因為此刻,雙手插袋的李浔也頓住了身子,一臉疑惑盯著她。
他後來一想,應該是老師想跟他一起出去,雖然有些納悶,但他還是回頭準備再告訴老師一次,自己不跟他走了。
可是,他還未開口,有人開口了。
「好。」姜柔的聲音不大不小,很顯然不是對他說,而是--回應身後的那個人。
李浔不可置信的看了老師一眼,又看了姜柔一眼,明顯有些吃驚。
但更讓他吃驚的是,姜柔還補了句,「沒關系,你慢慢來。」
李浔愣在原地。
她不是來找自己的?
「好了。」梁丞脫了白大褂,幾步跨過來,站到姜柔身邊,「不好意思,久等了。」
他一臉歉意。
早知道不讓她來找自己,自己忙完去找她,讓她等這麼久。
說完,他發現面前的兩個人有些不太對勁,氣氛有些尷尬。
差點忘了,兩人因為治牙應該是認識的,還以為李浔在跟姜柔說牙齒治療的事。
低頭一看,
姜柔手裡多了一個紙袋,就問,「李醫生給你的什麼?」
李浔!!!
他盯著那個紙袋一言不發。
臉色有些難看。
「不知道。

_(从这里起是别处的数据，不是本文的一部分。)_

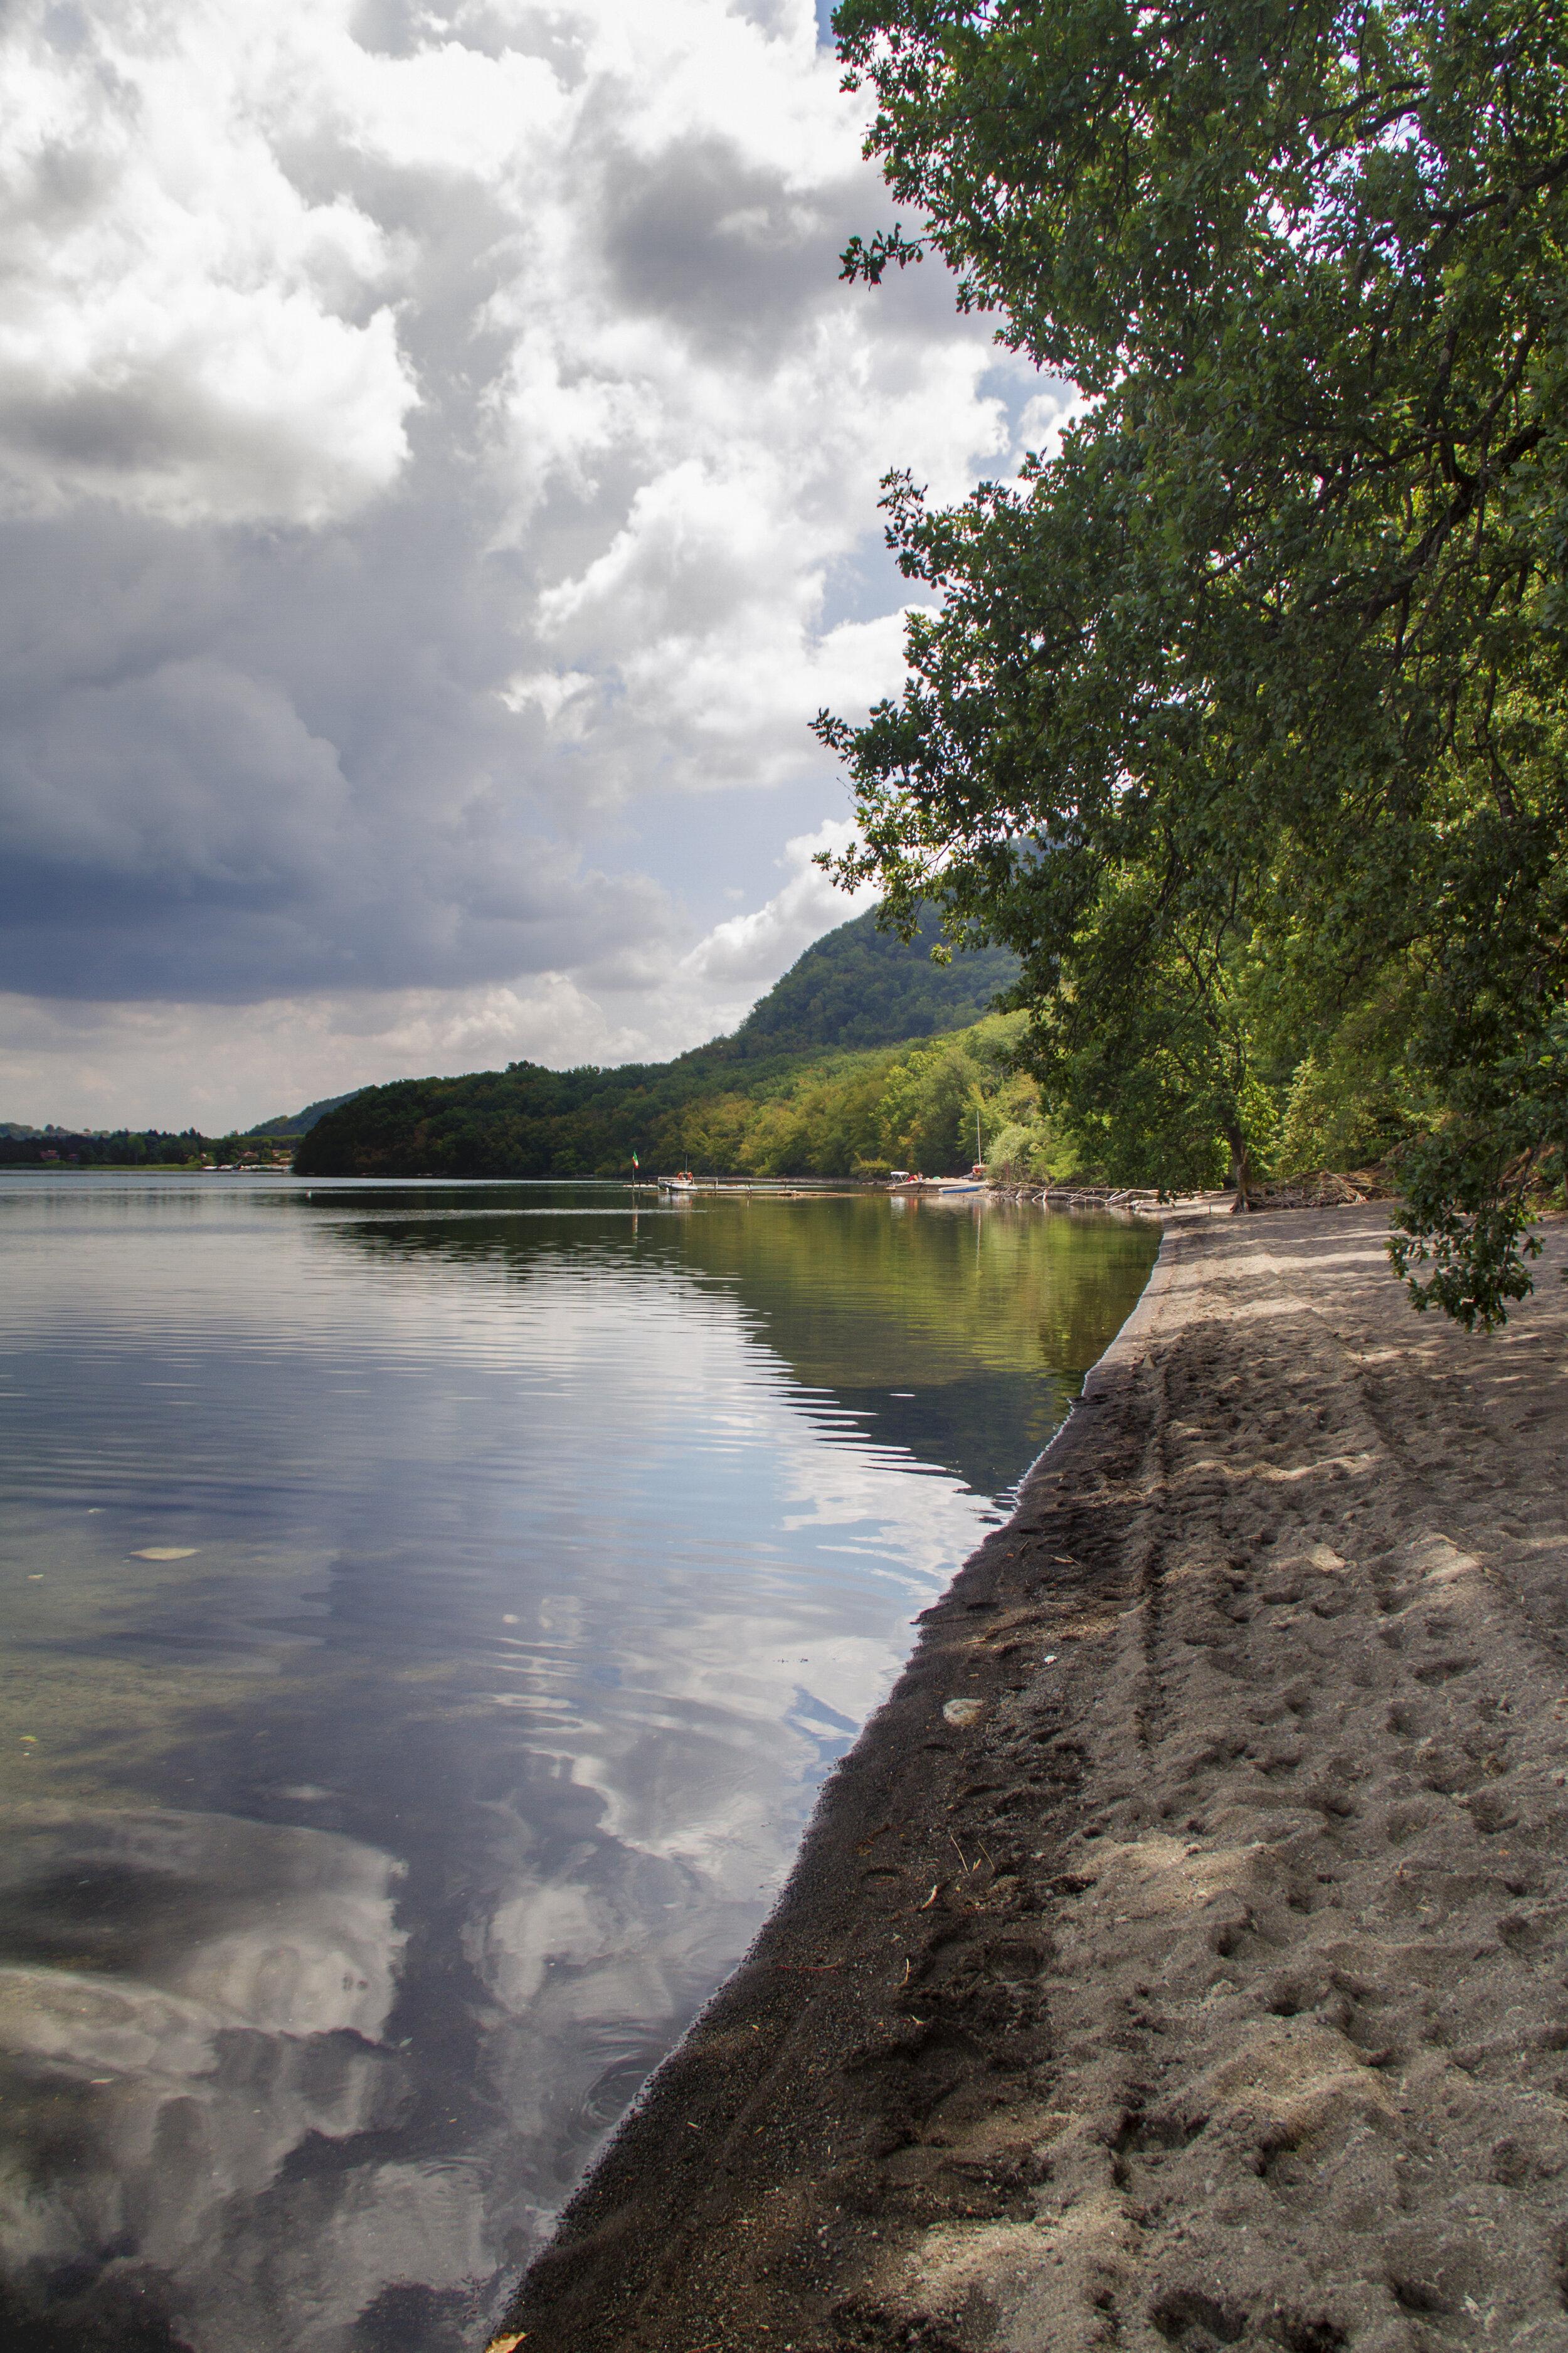 Lago di Vico - Il Lago di Vico è un lago vulcanico situato al centro dei Monti Cimini e una Riserva Naturale protetta. Una destinazione popolare sia in estate che in inverno. Le escursioni in canoa o a cavallo, sono solo alcune delle attività proposte.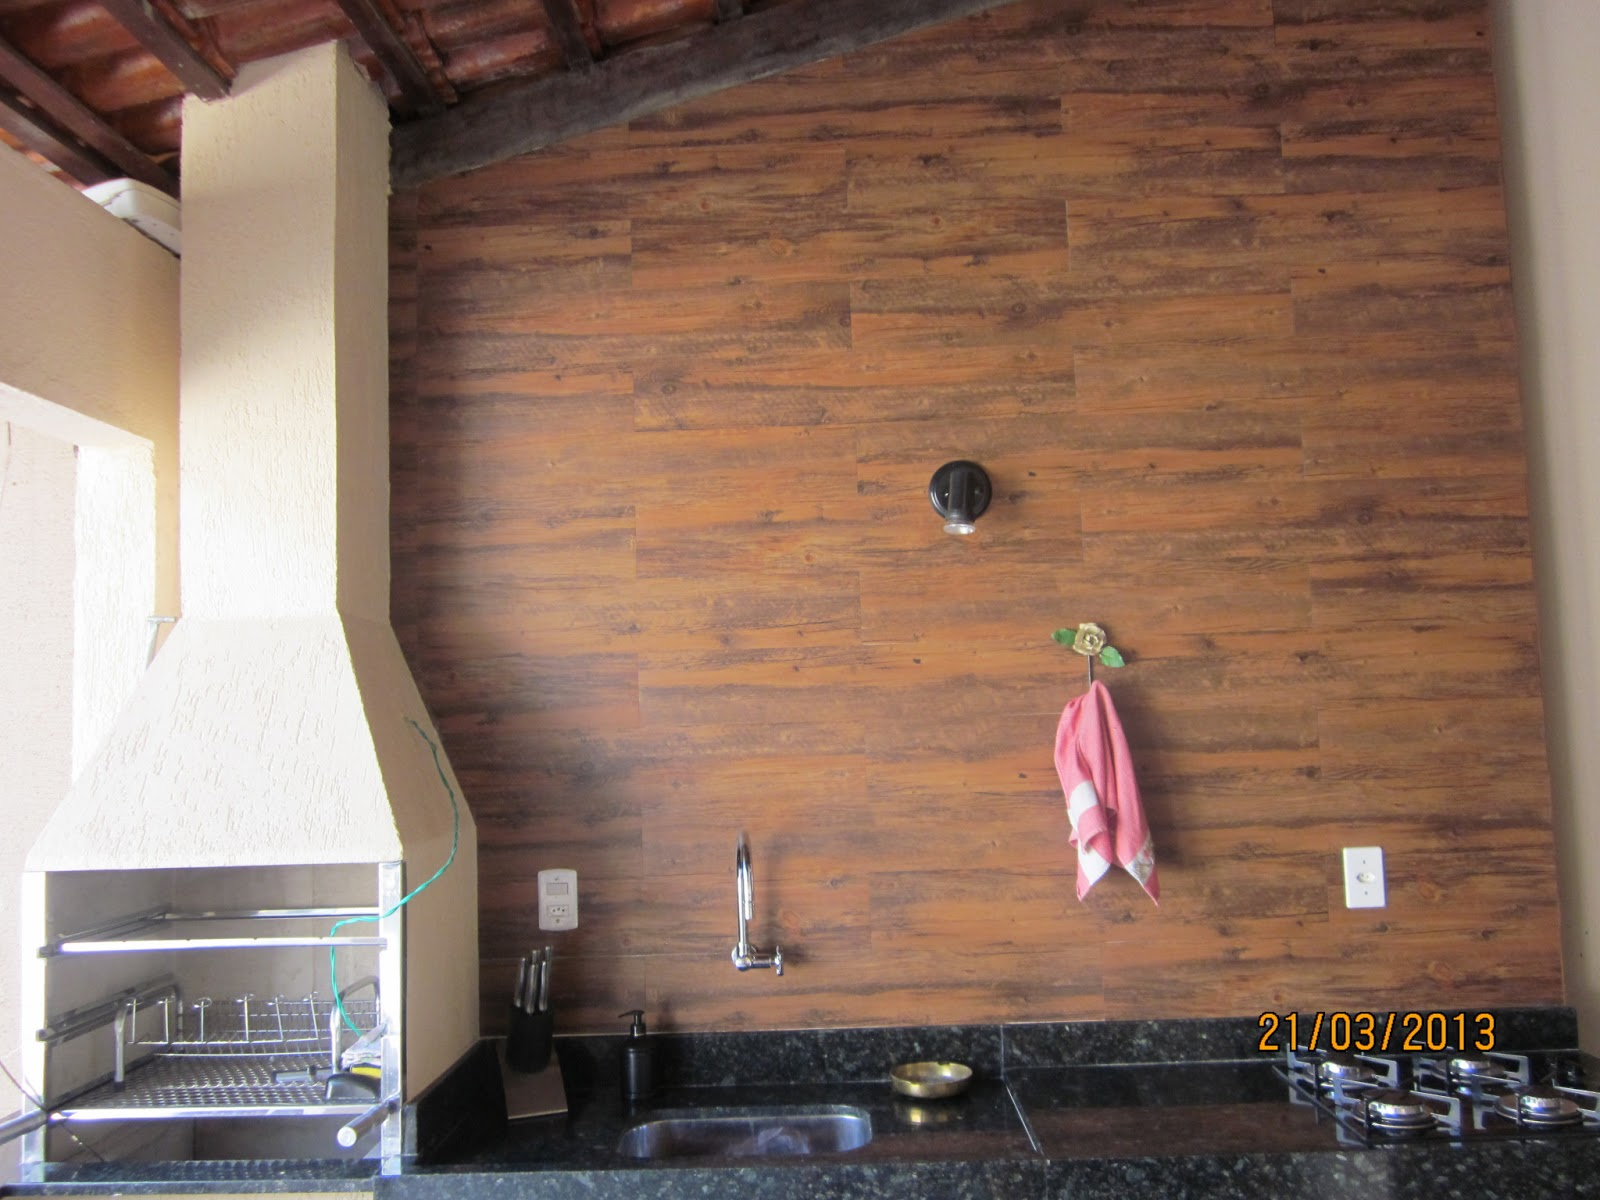 Papel de Parede: Piso Vinilico Decorar Parede Decoração de Paredes #8E5F3D 1600x1200 Acessorios Banheiro Leroy

」姜柔試圖緩解尷尬,幹脆伸手將盒子拿出來。
三個人的目光都聚焦在盒子上。
李浔臉色越來越黑。
眼看盒子就要被打開,他一抬手,把紙袋連同盒子一把奪過去。
他神色有些不自然,「沒什麼東西。」末了發現姜柔和梁醫生都吃驚地看著他有些令人費解的舉動,他隻好補充一句。
「牙齒保護的資料,下次再給你。」
啥玩意?
牙齒保護?
她什麼時候向他要這個資料了,她要來幹嗎呀?
姜柔簡直覺得今天的李浔,多少有點毛病。
「這樣……,
對了忘了給你介紹了,這是姜柔就是我上次跟你提過的家裡人安排的相親的那個姑娘。」梁丞看了李浔一眼,又對著姜柔說,「這是李浔,你們應該見過面了,是我的學生。」
相親對象?
李浔心裡如同被一塊巨石砸了一下。
「哦?」他壓抑住內心的洶湧澎湃,挑了挑眉,看了姜柔一眼。
他就這麼看著她,無聲無息,毫不避諱,眼神深不見底。
姜柔第一次,被他看到有些窒息,最後不得不躲了他的目光。
很好!
她現在怕是跳進黃河也洗不清自己在他心中的水性楊花的形象了。
頭疼。
「不過,我們現在還隻是朋友,下次有機會再一起吃飯,正式給大家介紹」梁丞靠的姜柔有些近,又對李浔說,「你剛才不是說你有事,怎麼還沒走?
」
他剛才做得這麼快,挺著急的樣子,現在也麼不慌了?
李浔捏著紙袋的手緊了緊,臉上肉眼可見的有了情緒。
「現在沒事了。」他冷漠的聲線可以算得上沒有禮貌,說完,冷漠的轉身,又回到自己的位置上,彎下腰,將抽屜打開,將紙袋一把塞了進去。
然後,拿出病歷本,埋頭寫病歷。
?
梁丞也有些不明白這個李浔怎麼突然有了情緒。
又怕姜柔感到尷尬,便笑著說,「我們去那邊吧,我整理一下就走,你想吃什麼?我來定。」
姜柔「……」
她絲毫沒有聽進去梁丞的話,隻是身子跟著他朝另一邊移動,目光卻是一直盯著埋頭寫病歷的李浔。
她雖然看不清他的表情,但她能感受到他身上的低氣壓。
他生氣了。
非常生氣。
可是,他為什麼生氣?
她想不明白,明明自己沒惹他,最多就是讓他誤會自己是來找他的,她也想過解釋啊,他自己不給機會。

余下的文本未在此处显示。